** Problem **
Pictures are to be dropped. Everything else in the listing gets copied exactly.

** Data below **
%%

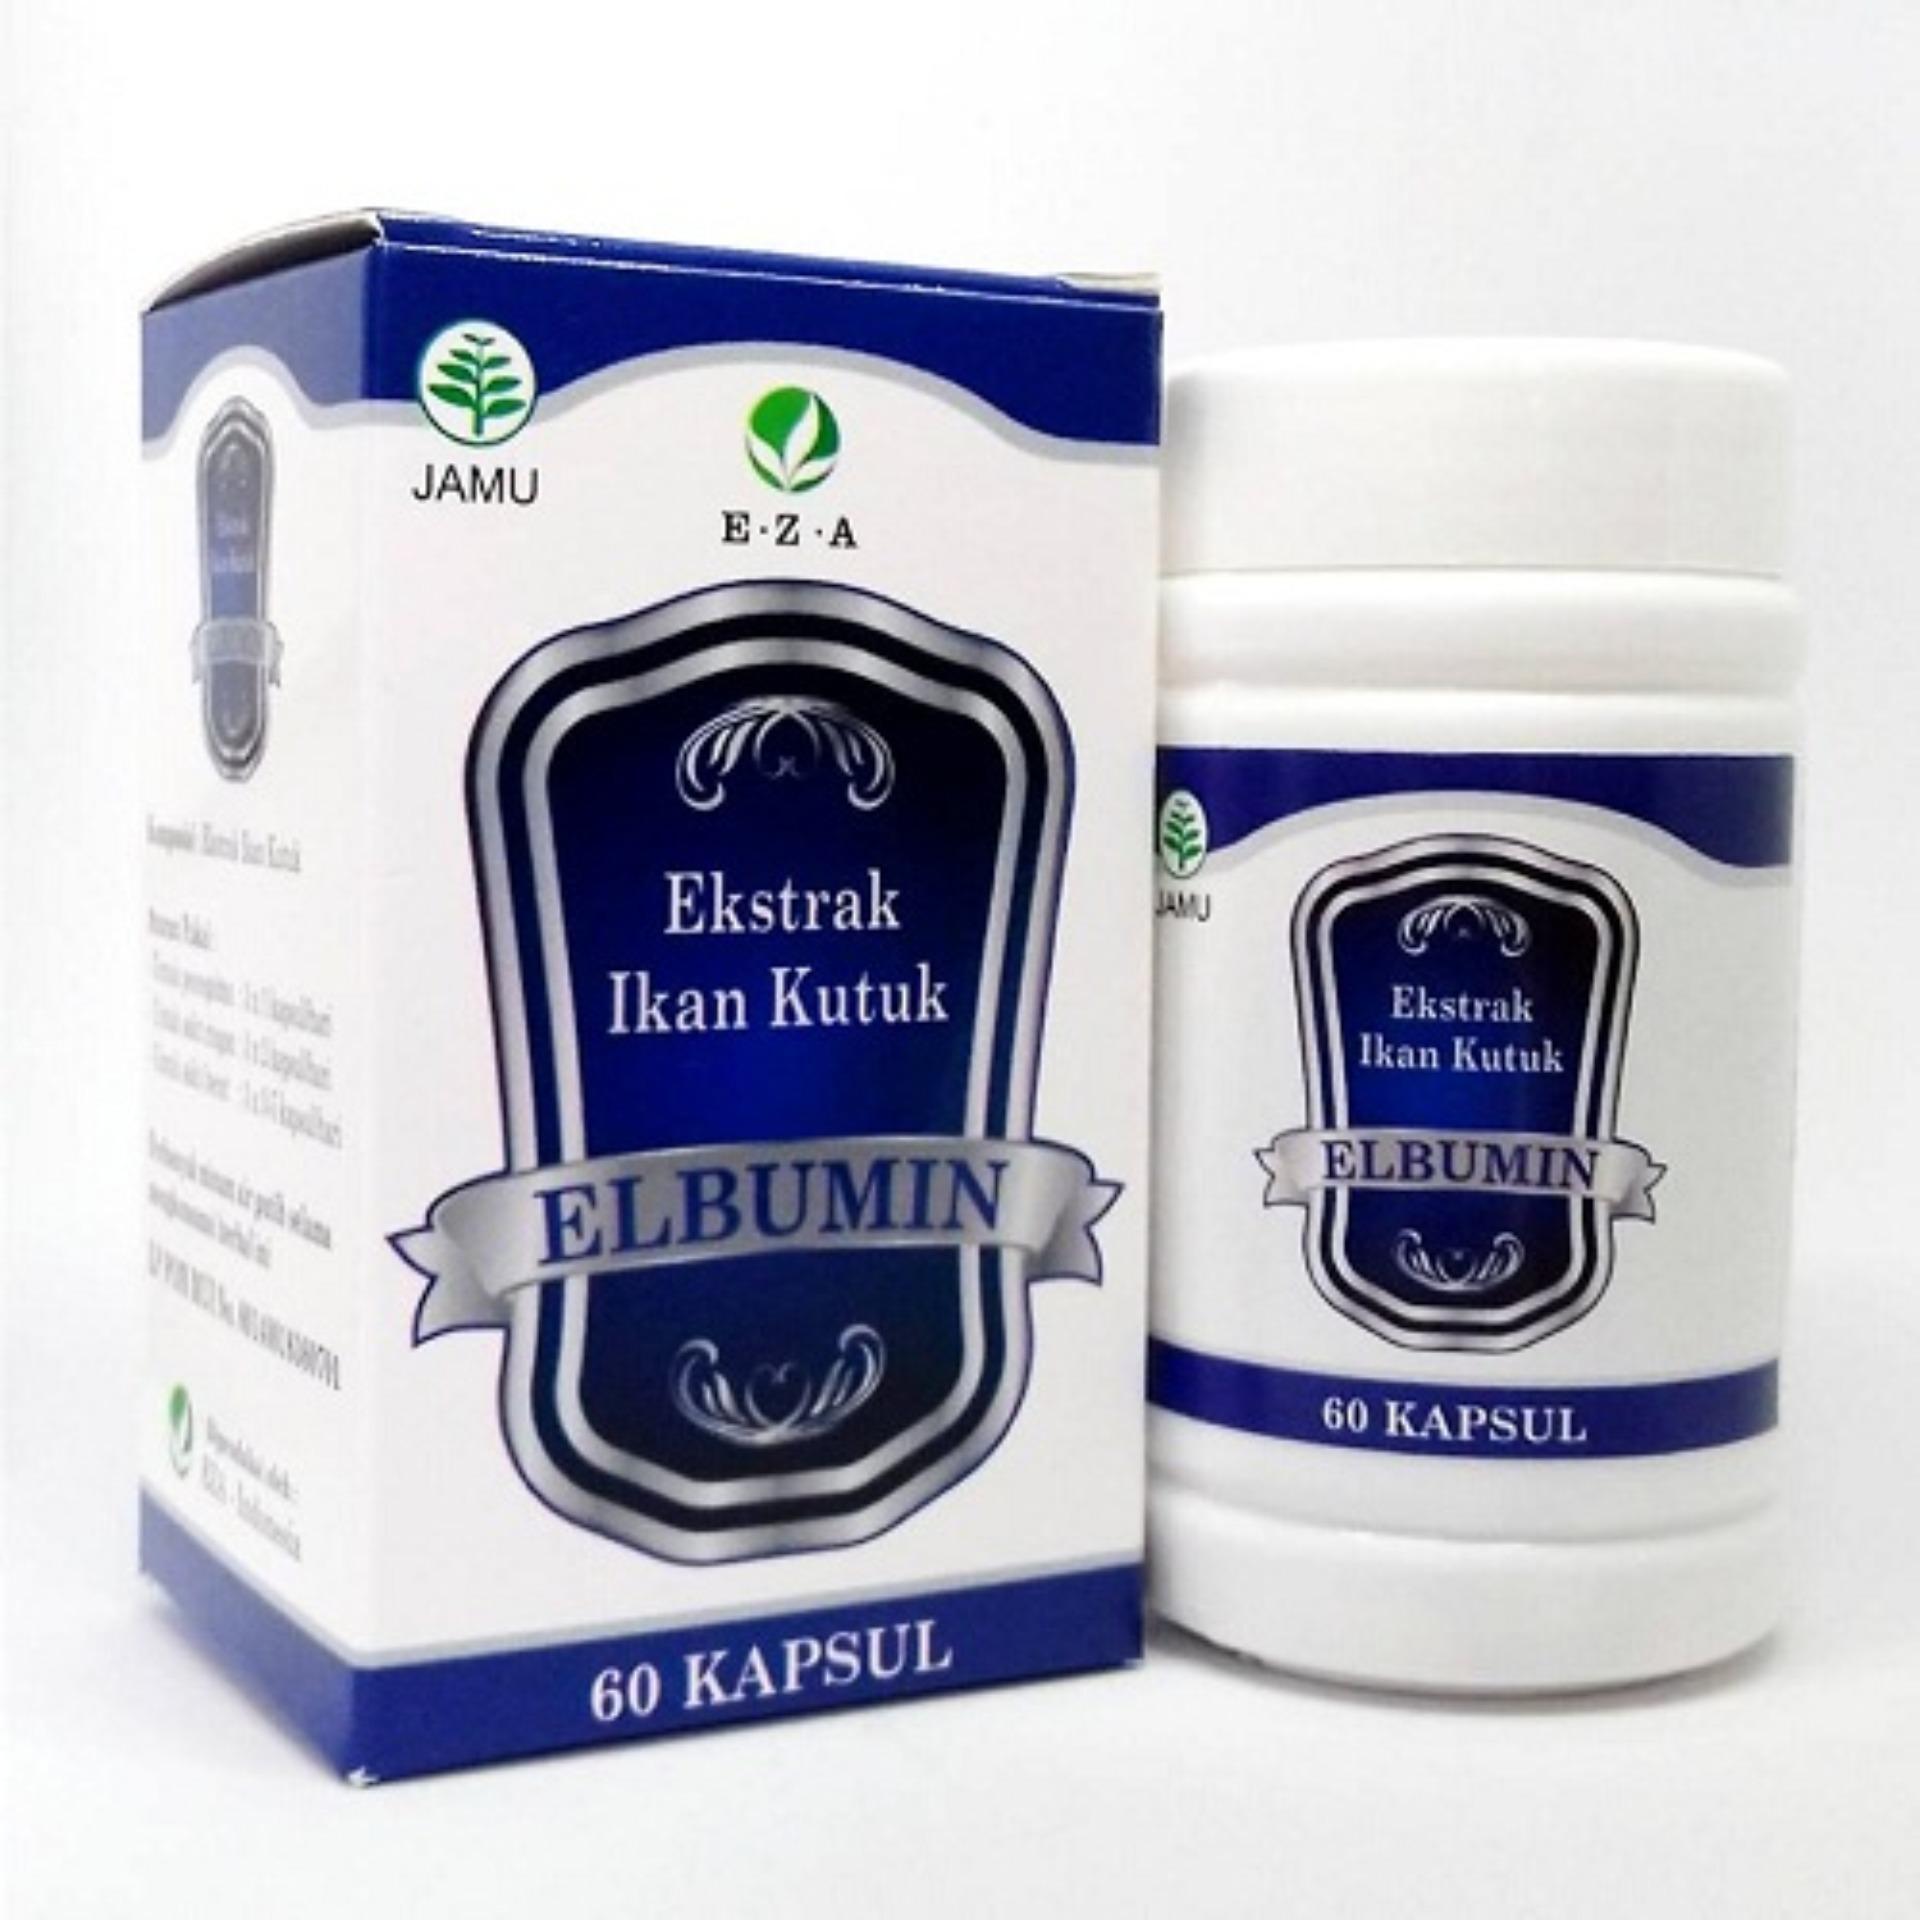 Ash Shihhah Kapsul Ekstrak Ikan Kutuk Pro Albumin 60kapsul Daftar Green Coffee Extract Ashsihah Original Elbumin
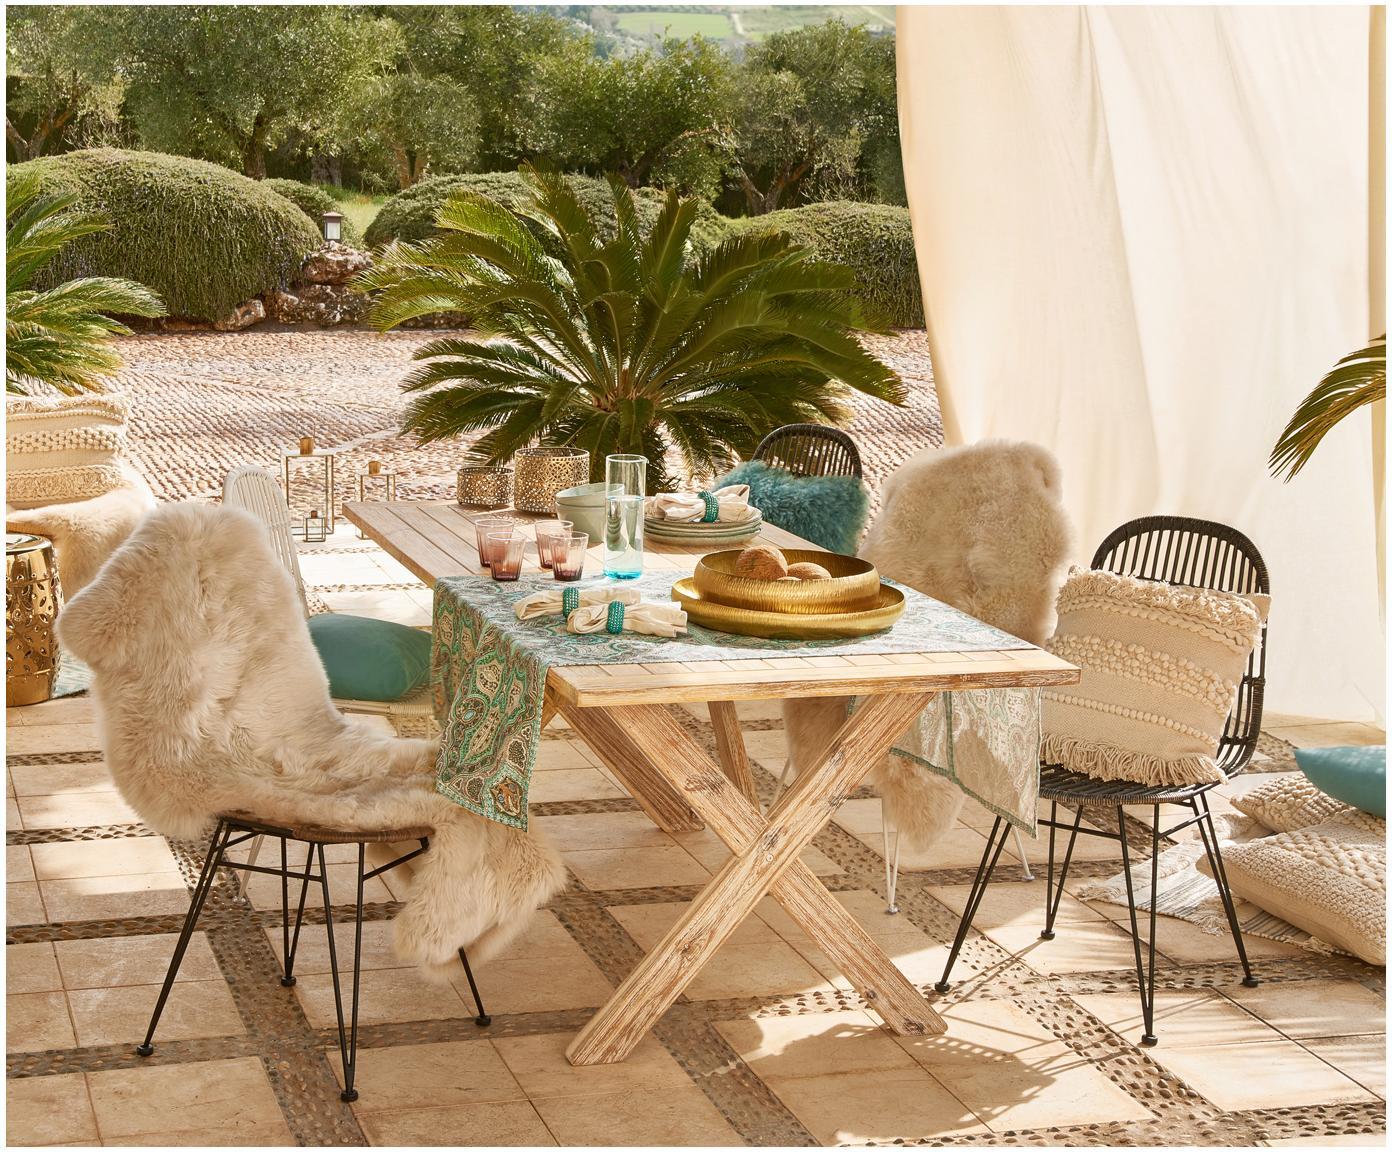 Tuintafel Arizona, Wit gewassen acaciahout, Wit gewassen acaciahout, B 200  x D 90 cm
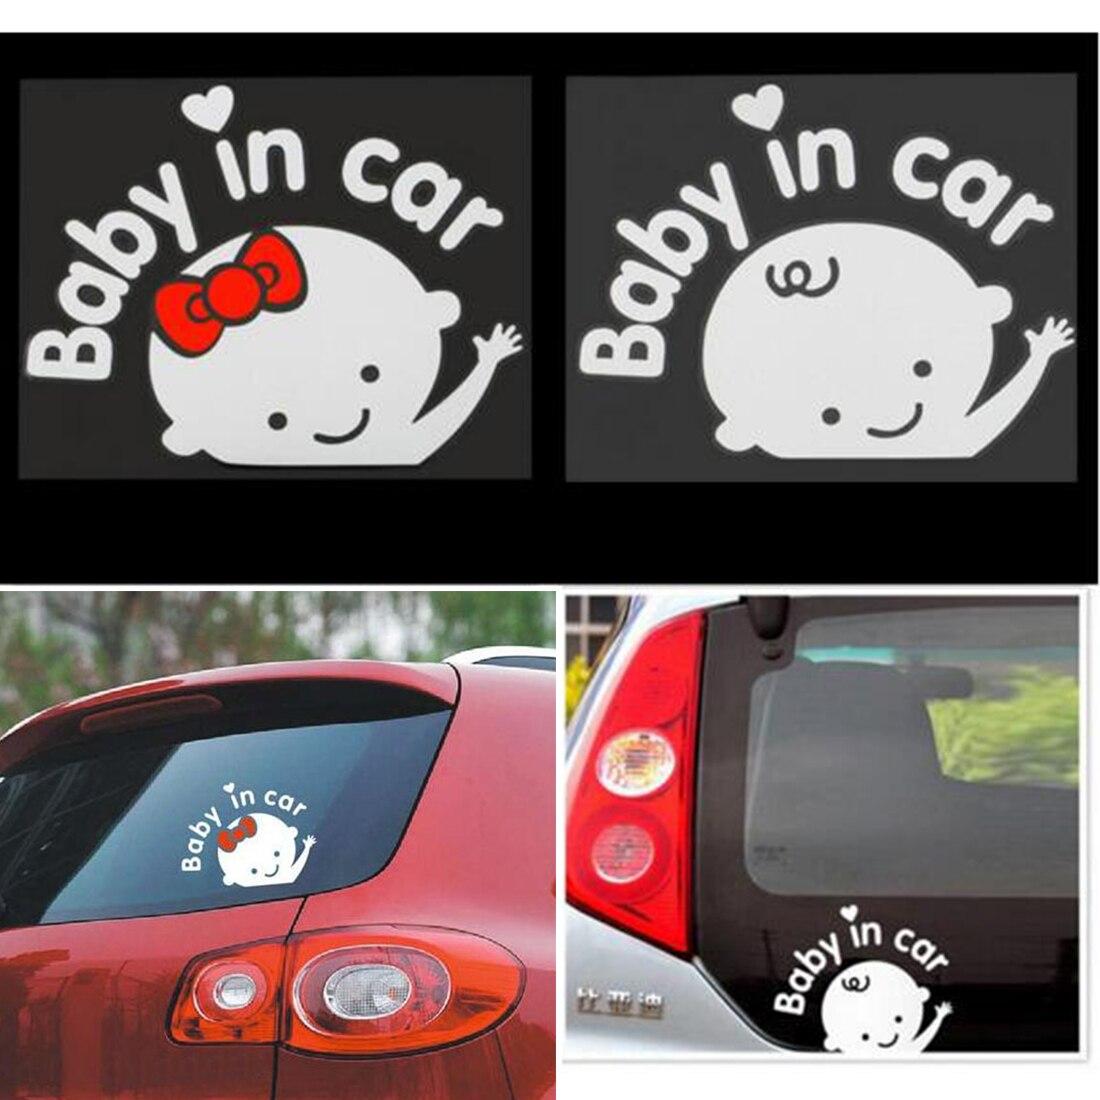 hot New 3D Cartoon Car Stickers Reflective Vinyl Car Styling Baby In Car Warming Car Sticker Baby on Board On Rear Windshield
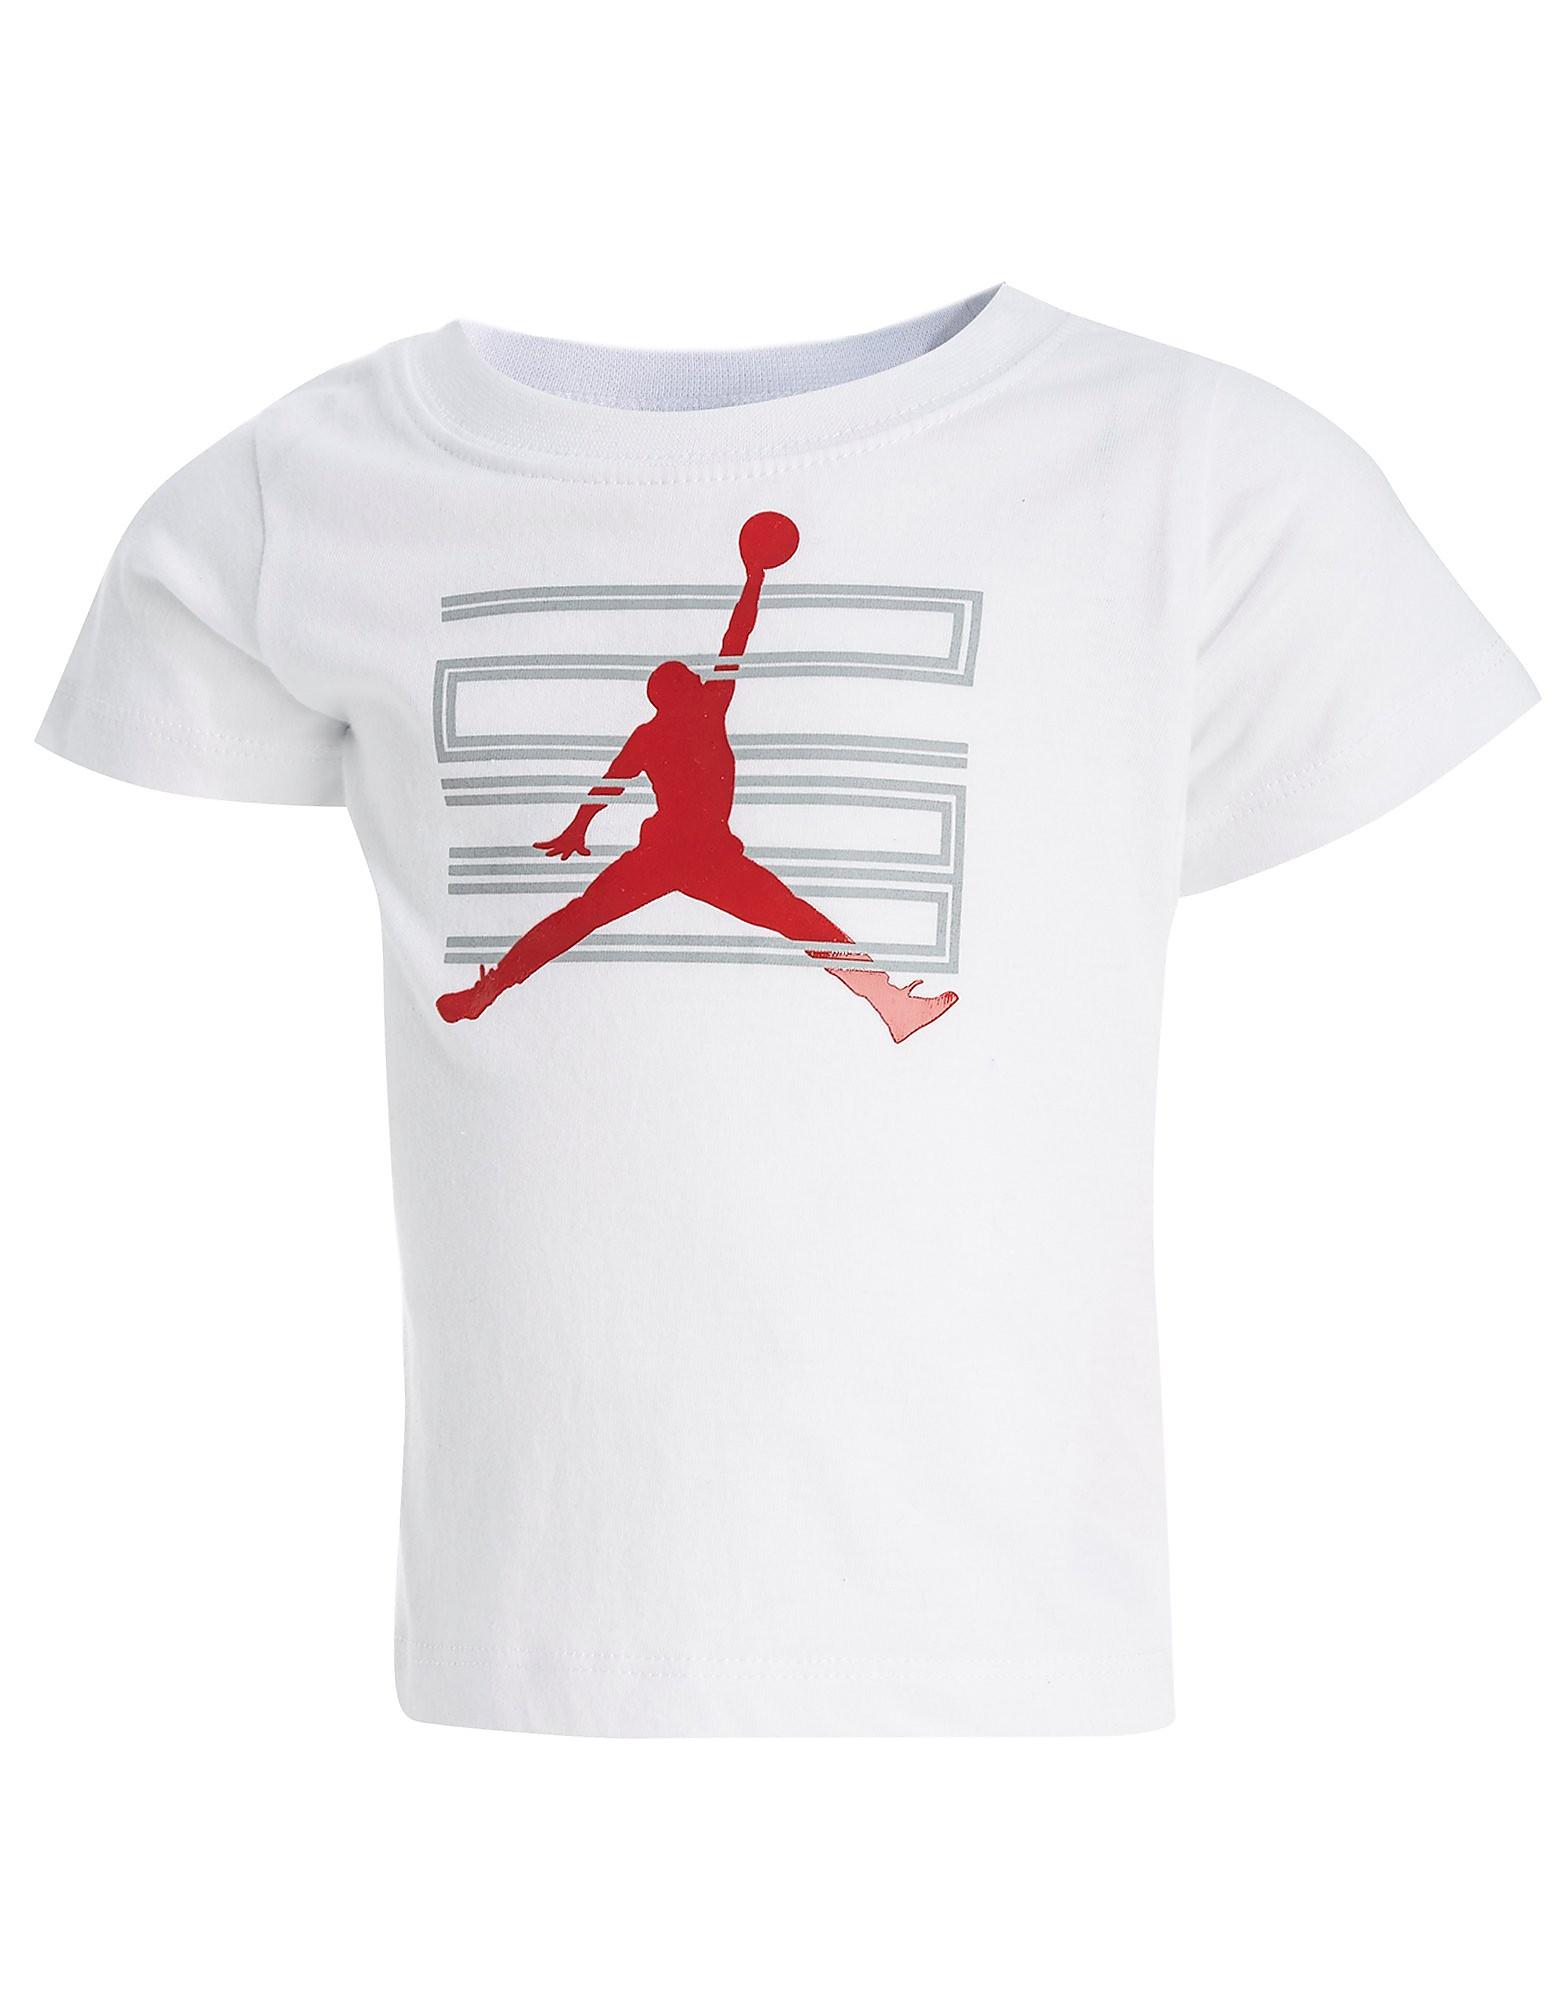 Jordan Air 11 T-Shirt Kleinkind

%%

** Result for this task **
 Ash Shihhah Kapsul Ekstrak Ikan Kutuk Pro Albumin 60kapsul Daftar Green Coffee Extract Ashsihah Original Elbumin
 Tuintafel Arizona, Wit gewassen acaciahout, Wit gewassen acaciahout, B 200  x D 90 cm
 hot New 3D Cartoon Car Stickers Reflective Vinyl Car Styling Baby In Car Warming Car Sticker Baby on Board On Rear Windshield
 Jordan Air 11 T-Shirt Kleinkind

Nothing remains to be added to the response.